Melanctha Herbert never again saw Jem Richards. Melanctha never again saw Rose Johnson, and it was hard to Melanctha never any more to see her. Rose Johnson had worked in to be the deepest of all Melanctha's emotions.
"No, I don't never see Melanctha Herbert no more now," Rose would say to anybody who asked her about Melanctha. "No, Melanctha she never comes here no more now, after we had all that trouble with her acting so bad with them kind of men she liked so much to be with. She don't never come to no good Melanctha Herbert don't, and me and Sam don't want no more to see her. She didn't do right ever the way I told her. Melanctha just wouldn't, and I always said it to her, if she don't be more kind of careful, the way she always had to be acting, I never did want no more she should come here in my house no more to see me. I ain't no ways ever against any girl having any kind of a way, to have a good time like she wants it, but not that kind of a way Melanctha always had to do it. I expect some day Melanctha kill herself, when she act so bad like she do always, and then she got so awful blue. Melanctha always says that's the only way she ever can think it a easy way for her to do. No, I always am real sorry for Melanctha, she never was no just common kind of nigger, but she don't never know not with all the time I always was telling it to her, no she never no way could learn, what was the right way she should do. I certainly don't never want no kind of harm to come bad to Melanctha, but I certainly do think she will most kill herself some time, the way she always say it would be easy way for her to do. I never see nobody ever could be so awful blue."
But Melanctha Herbert never really killed herself because she was so blue, though often she thought this would be really the best way for her to do. Melanctha never killed herself, she only got a bad fever and went into the hospital where they took good care of her and cured her.
When Melanctha was well again, she took a place and began to work and to live regular. Then Melanctha got very sick again; she began to cough and sweat and be so weak she could not stand to do her work.
Melanctha went back to the hospital, and there the Doctor told her she had the consumption, and before long she would surely die. They sent her where she would be taken care of, a home for poor consumptives, and there Melanctha stayed until she died.
FINIS THE GENTLE LENALena was patient, gentle, sweet and german. She had been a servant for four years and had liked it very well.

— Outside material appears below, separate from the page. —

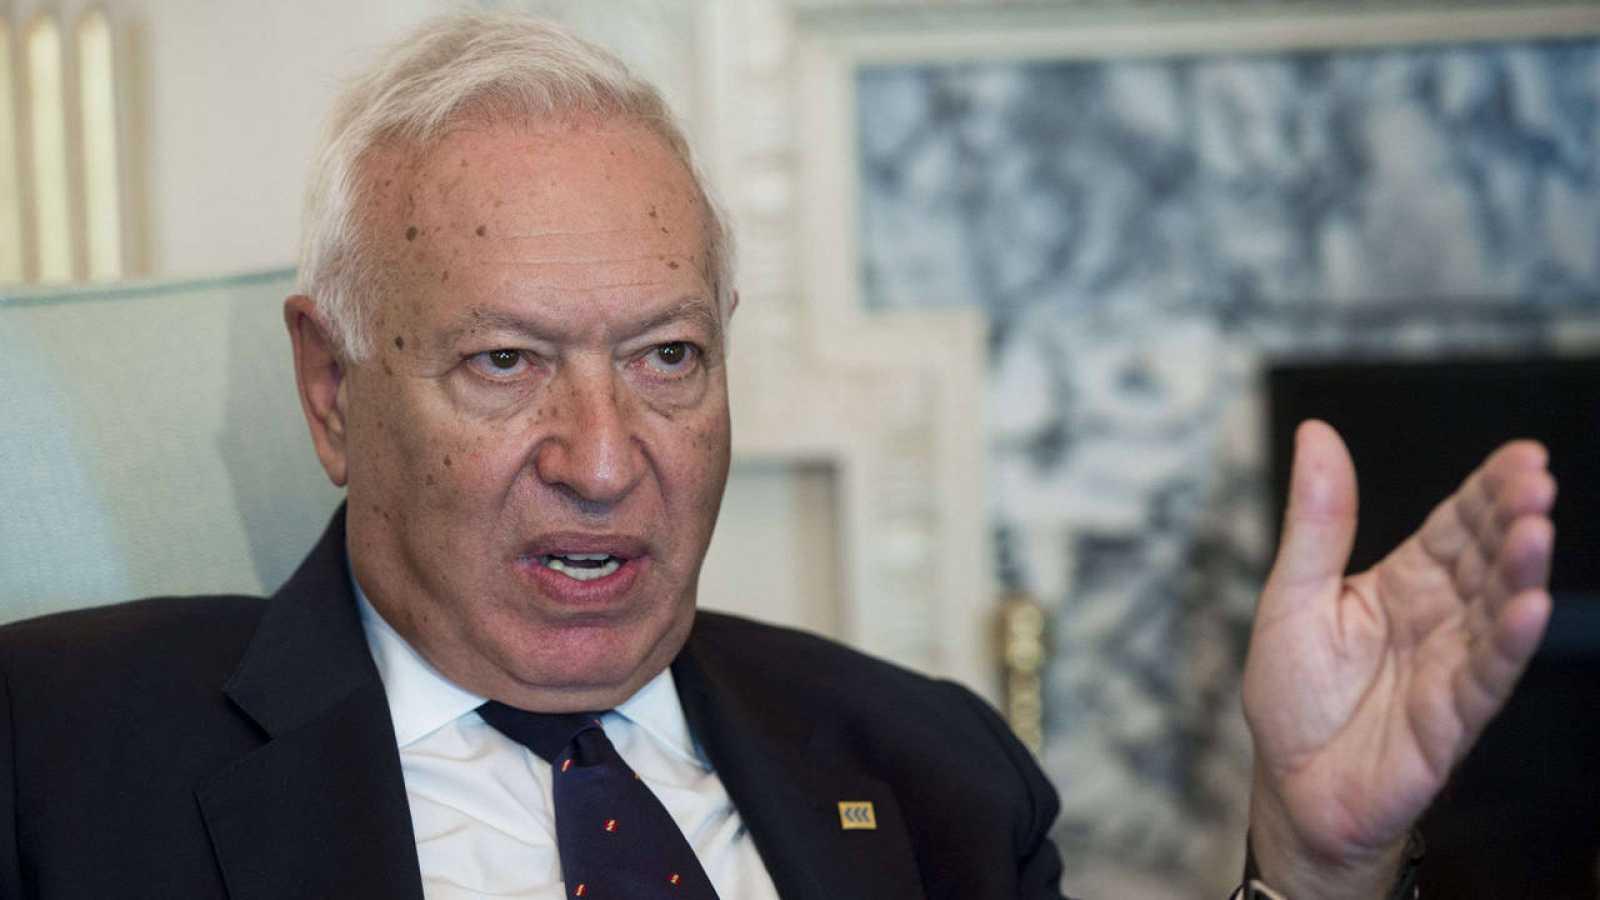 El ministro de Exteriores, José Manuel García-Margallo, en una foto de archivo.

Lena had been brought from Germany to Bridgepoint by a cousin and had been in the same place there for four years.
This place Lena had found very good. There was a pleasant, unexacting mistress and her children, and they all liked Lena very well.
There was a cook there who scolded Lena a great deal but Lena's german patience held no suffering and the good incessant woman really only scolded so for Lena's good.
Lena's german voice when she knocked and called the family in the morning was as awakening, as soothing, and as appealing, as a delicate soft breeze in midday, summer. She stood in the hallway every morning a long time in her unexpectant and unsuffering german patience calling to the young ones to get up. She would call and wait a long time and then call again, always even, gentle, patient, while the young ones fell back often into that precious, tense, last bit of sleeping that gives a strength of joyous vigor in the young, over them that have come to the readiness of middle age, in their awakening.
Lena had good hard work all morning, and on the pleasant, sunny afternoons she was sent out into the park to sit and watch the little two year old girl baby of the family.
The other girls, all them that make the pleasant, lazy crowd, that watch the children in the sunny afternoons out in the park, all liked the simple, gentle, german Lena very well. They all, too, liked very well to tease her, for it was so easy to make her mixed and troubled, and all helpless, for she could never learn to know just what the other quicker girls meant by the queer things they said.